I’m a new user of Lammps, but I’ve searched the mail list and the documentation extensively for my problem so hopefully my problem hasn’t been asked before (although I suspect it might still be a RTFM-issue).
Trying simulate liquid NaCl I noticed that even below the boiling temperature (p = 1 bar) the radial distribution function was that of a gas. The same thing happened for both
pair_style born/coul/long 7.6 15.0 (I used a previous answer from the mailing list that treated NaCl and modified it)
or using a hybrid/overlay pair_style with the repulsive part being a table taken from Kittels Introduction to Solid State Physics (page 62 of 8th edition paperback) and a coul/long term.

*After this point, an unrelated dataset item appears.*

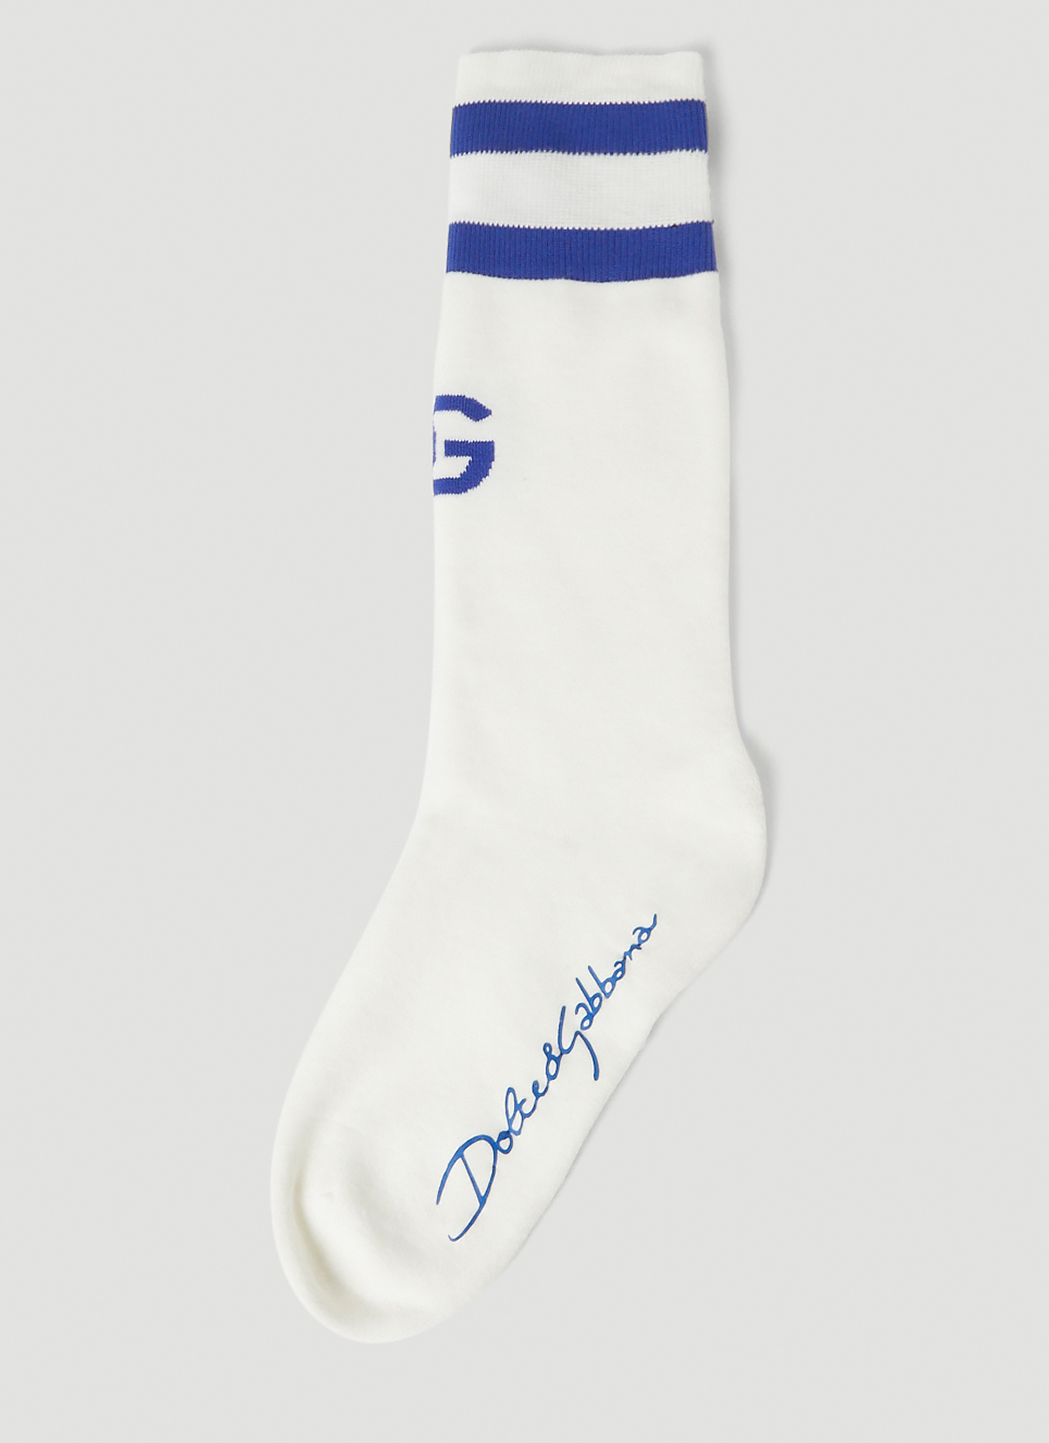 Dolce&Gabbana Mediterranean Sport Socks
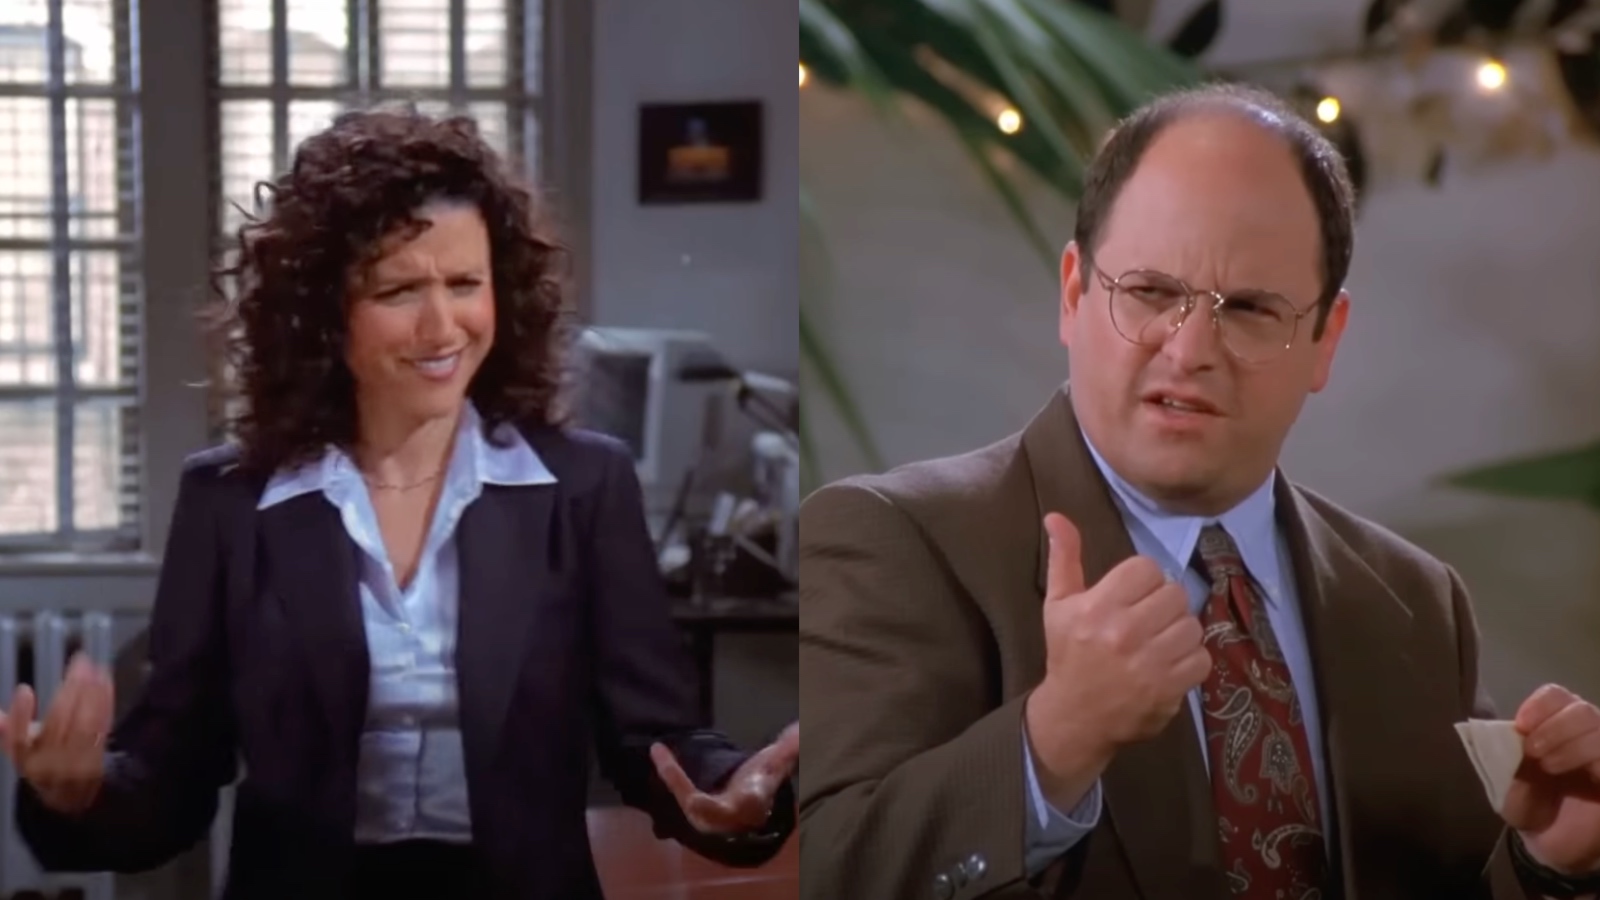 Elaine Benes Seinfeld Dancing scene

I used pair_write from the below test code to see what kind of potential was being calculated (version: LAMMPS 64-bit 15Apr2020).
Setup
dimension 3
units metal
boundary p p p
atom_style charge
Na atoms
lattice fcc 5.64 origin 0 0 0
region box block 0 10 0 10 0 10
create_box 2 box
create_atoms 1 box
Cl atoms
lattice fcc 5.64 origin 0.5 0 0
create_atoms 2 box
Other settings
mass 1 28.990
mass 2 35.453
set type 1 charge +1.0
set type 2 charge -1.0
Potentials
pair_style coul/cut 10.0
pair_coeff 1 1
pair_coeff 1 2
pair_coeff 2 2
pair_write 1 1 1000 r 0.2 10.2 table1.txt coul11
pair_write 1 2 1000 r 0.2 10.2 table2.txt coul12
Plotting the energy and force values for the tables gave the same exact curves and both were always positive. I also tried the same with born/coul/long, and coul/long but the plotted values were still positive.
In the documentation for pair_write it states “If the pair potential is computed between charged atoms, the charges of the pair of interacting atoms can optionally be specified. If not specified, values of Qi = Qj = 1.0 are used.” I’m not sure if the output from pair_write only takes into account Qi=Qj = 1.0 interactions even though I set the charges in the code or if in fact the potential is always positive, no matter the charges in the pair, which might explain why the system does not form a liquid even below the boiling point. Am I missing something?
Best regards,
William Green